下痢にはさまざまなタイプがあり、原因も異なります。本記事では、下痢の種類や原因、対策方法、そして下痢のときにおすすめの食材について詳しく解説します。
1. 下痢の種類と原因
① 感染症や食中毒による下痢
風邪などのウイルス感染症や食中毒、アレルギーが原因で下痢になることがあります。これらの場合、体内に入った異物を排出しようとして腸の水分分泌量が増え、下痢を引き起こします。感染性の下痢では、発熱や嘔吐を伴うことが多いです。
② ストレスや冷え、暴飲暴食による下痢
ストレスや暴飲暴食、冷えによって、腸のぜん動運動(便を送り出す運動)が異常に活発になり、水分が十分に吸収されないまま排出されることがあります。特にストレスが関与する下痢は「過敏性腸症候群(IBS)」と呼ばれ、腹痛や便秘と下痢を繰り返すことが特徴です。
③ 炎症性腸疾患による下痢
クローン病や潰瘍性大腸炎といった炎症性腸疾患は、腸の粘膜に炎症を引き起こし、慢性的な下痢を伴うことがあります。これらの病気は自己免疫の異常が関与していると考えられており、病院での適切な治療が必要です。
④ 人工甘味料や特定の食品による下痢
ソルビトールやキシリトールなどの人工甘味料を過剰に摂取すると、腸内で水分吸収が阻害され、下痢を引き起こすことがあります。また、乳糖不耐症の人が牛乳や乳製品を摂取すると、消化しきれなかった乳糖が腸内で発酵し、下痢や腹痛の原因となることもあります。
⑤ その他の病気が原因の下痢
胆のうや膵臓の病気、甲状腺機能亢進症、糖尿病なども慢性的な下痢を引き起こす可能性があります。

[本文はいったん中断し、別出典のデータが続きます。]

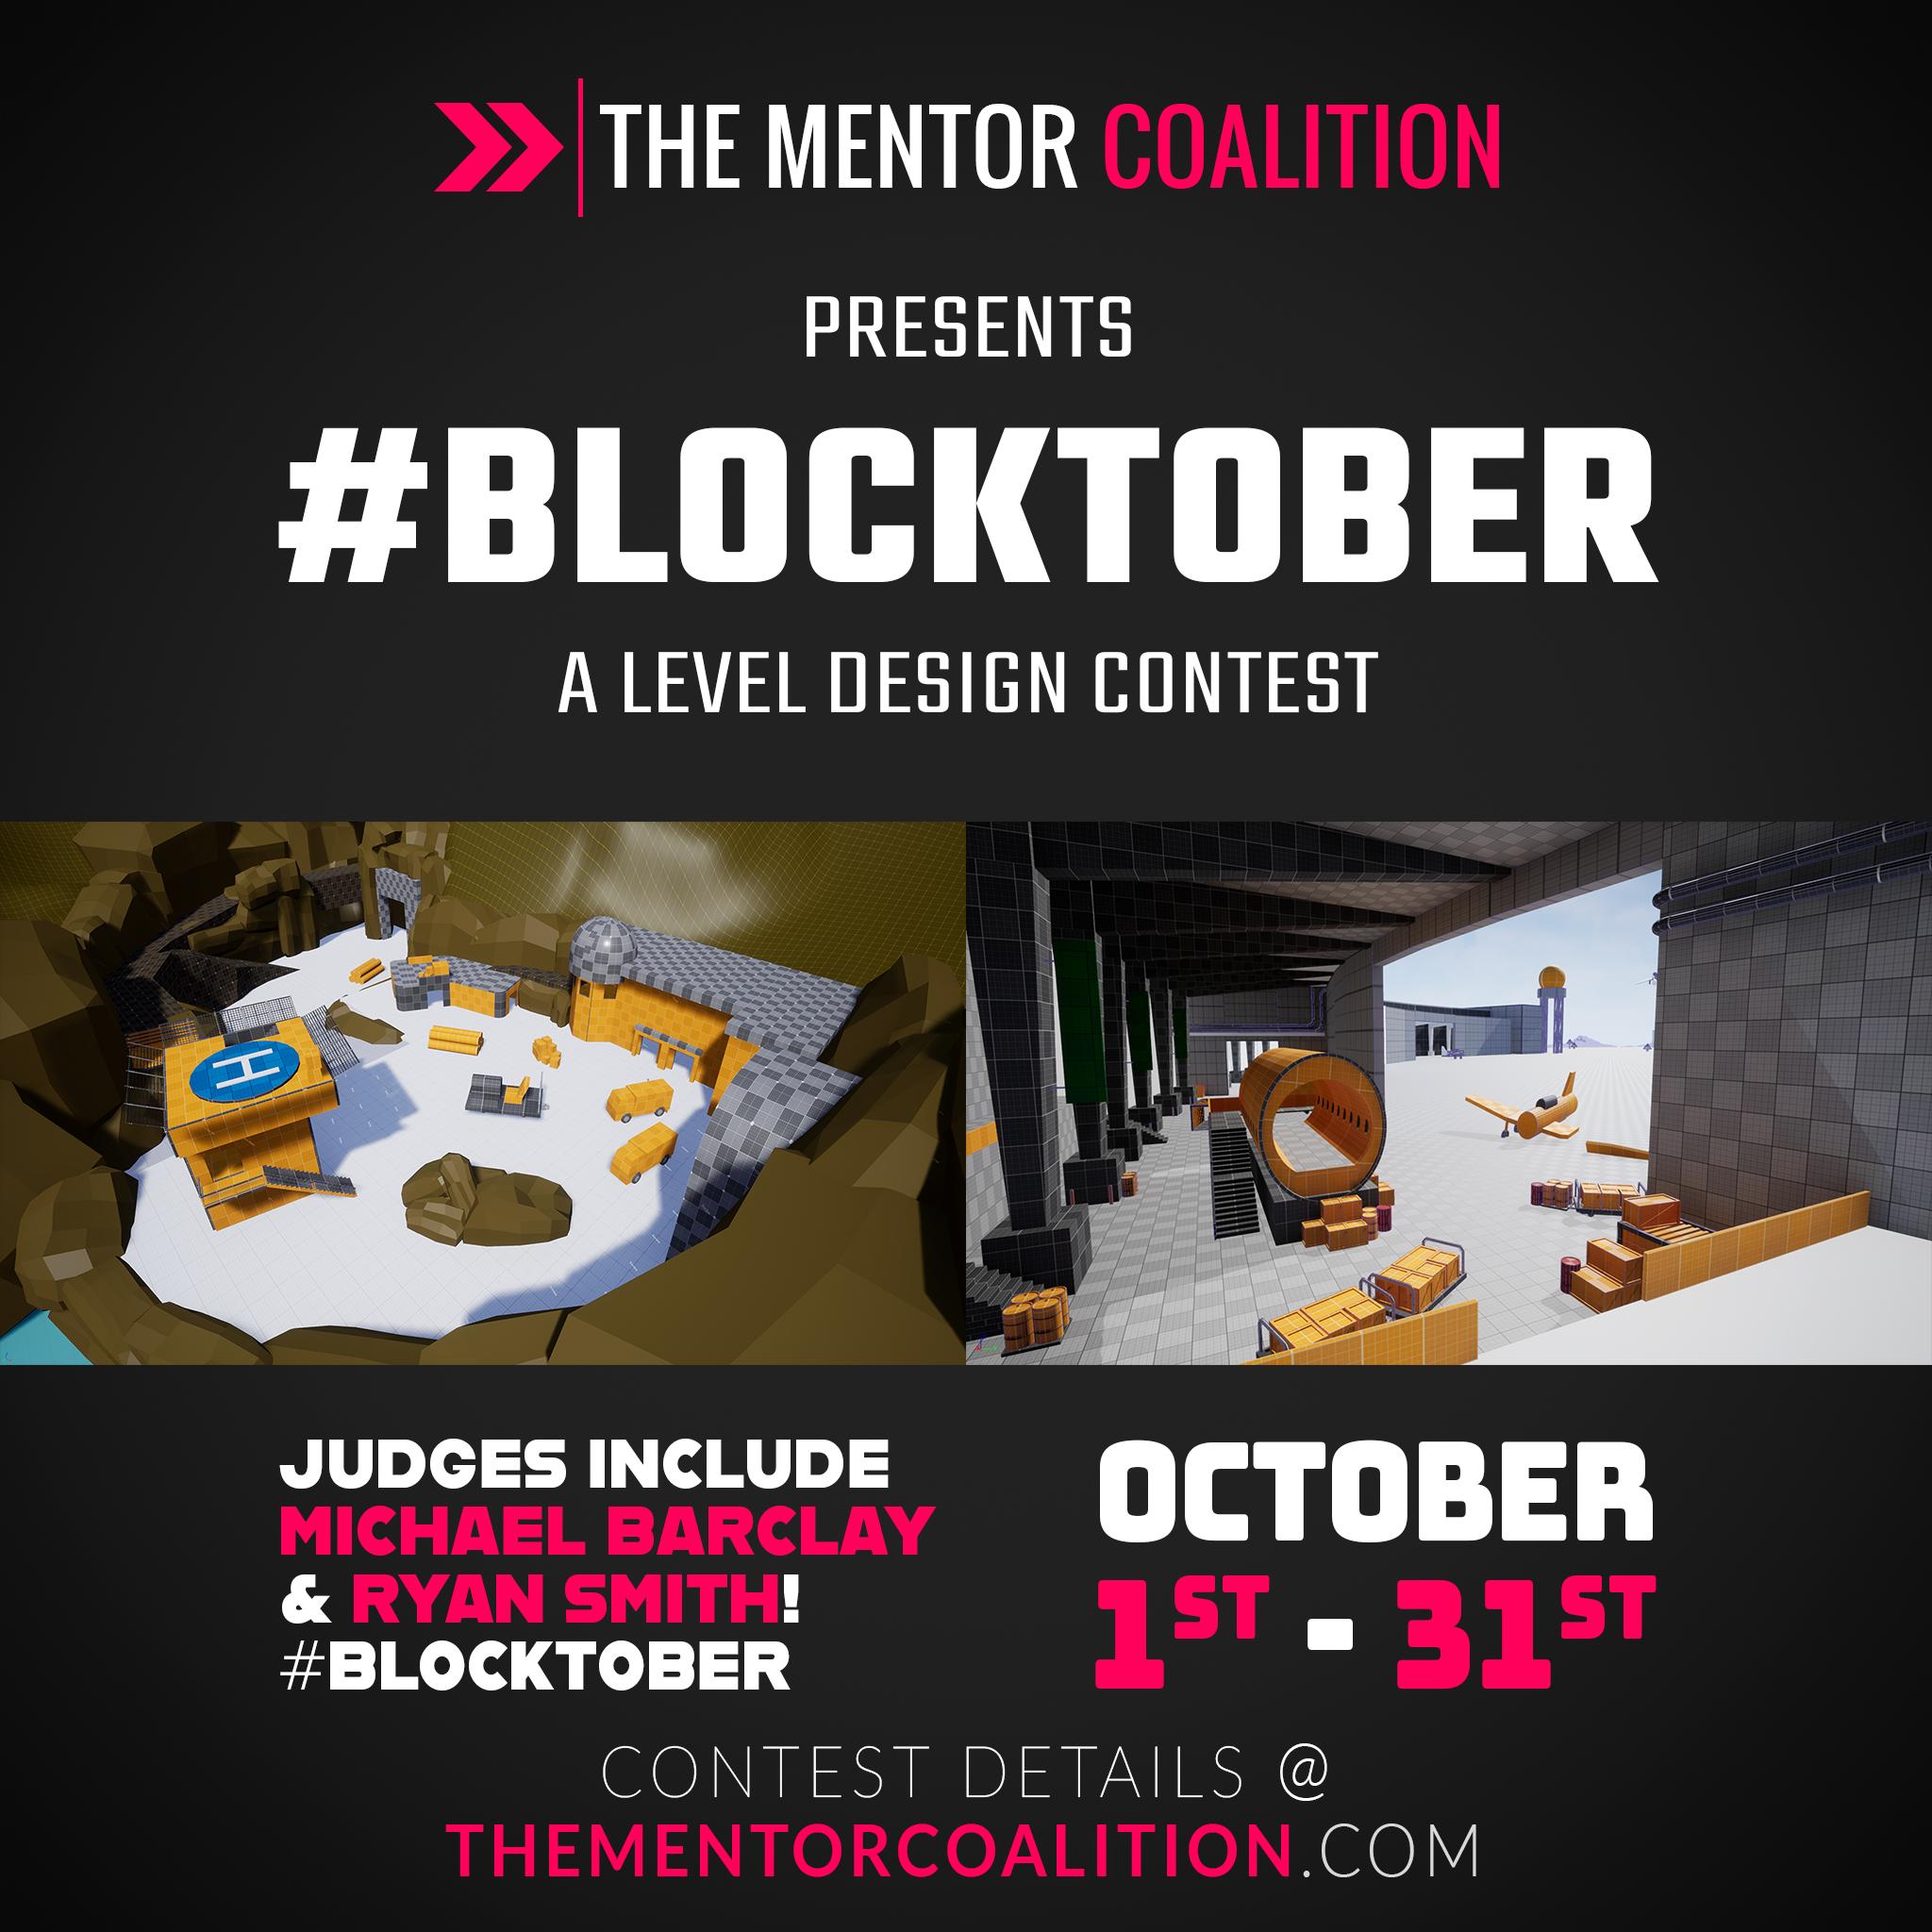 #BLOCKTOBER 19 - A Level Design Contest

特に、便に血が混ざる、発熱や体重減少がある場合は、重大な病気の兆候の可能性があるため、早めに医療機関を受診しましょう。
2. 下痢のときの対策
① 水分補給をしっかりと
下痢が続くと、体内の水分や電解質(ナトリウム、カリウムなど)が失われ、脱水症状を引き起こすことがあります。水分補給には以下のようなものがおすすめです。
- 経口補水液(ORS):ナトリウムやカリウムがバランスよく含まれており、脱水対策に最適。
- 白湯:胃腸にやさしく、体を温める効果も。
- 薄めたスポーツドリンク:糖分が多いため、そのまま飲むのではなく、水で薄めるとよい。

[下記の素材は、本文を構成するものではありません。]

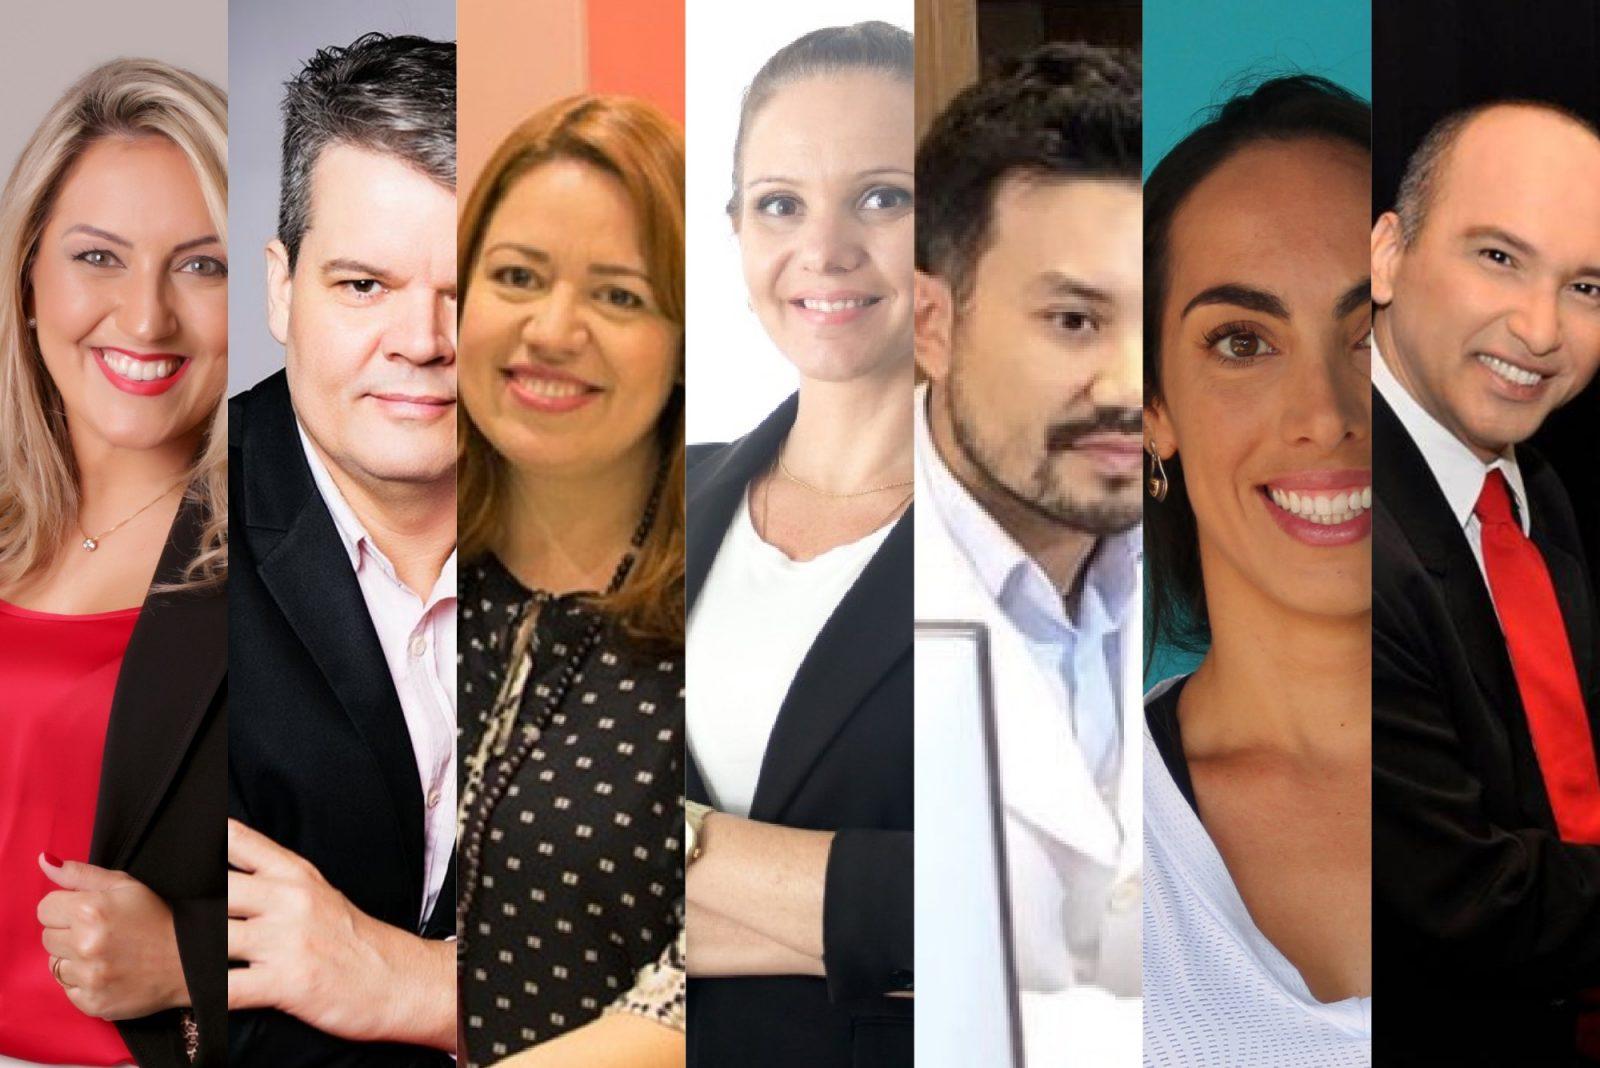 7 especialistas juntos, um único objetivo: Líder Pleno

※コーヒー、炭酸飲料、アルコールは刺激が強いため、避けましょう。
② 消化の良い食事を心がける
下痢のときは胃腸が弱っているため、消化の良い食事を摂ることが重要です。以下の食材を活用するとよいでしょう。
【おすすめの食材】
食材 | 効能 |
---|---|
タラ | 高たんぱく・低脂質で消化しやすい |
卵 | 必須アミノ酸をバランスよく含む |
うどん | 消化が良く、エネルギー源になる |
かぼちゃ | ビタミンやカリウムを補給できる |
バナナ | 手軽にエネルギーとカリウムを補給できる |
豆腐 | 胃腸にやさしく、たんぱく質を摂取できる |
りんご(すりおろし) | 水分やカリウムが豊富で、腸を整える作用がある |
紅茶 | タンニンを含み、下痢止めの作用がある |
また、揚げ物や脂っこい食事、辛いものは胃腸への負担が大きいため、避けたほうがよいでしょう。
③ 体を冷やさない
冷えは腸の働きを乱し、下痢を悪化させる原因になります。腹巻きや温かい飲み物を取り入れ、体温を適切に保つことが重要です。
④ ストレス管理をする
ストレスが原因の下痢(過敏性腸症候群)の場合、ストレスをコントロールすることが症状の改善につながります。ヨガや瞑想、適度な運動などを取り入れ、リラックスする時間を作ることが大切です。
3. こんなときは病院へ
以下のような症状がある場合は、速やかに医療機関を受診しましょう。
- 下痢が1週間以上続く
- 血便が出る
- 高熱(38度以上)がある
- 強い腹痛や嘔吐を伴う
- 体重が急激に減少する
特に、幼児や高齢者は脱水症状になりやすいため、早めの受診が必要です。
まとめ
下痢はさまざまな原因で発生し、多くの場合は食事や生活習慣の改善で軽減できます。しかし、長期間続く場合や重症化する場合は、重大な病気が隠れている可能性もあるため、注意が必要です。
適切な水分補給と消化の良い食事を心がけ、冷えやストレスを避けることで、腸の健康を守りましょう。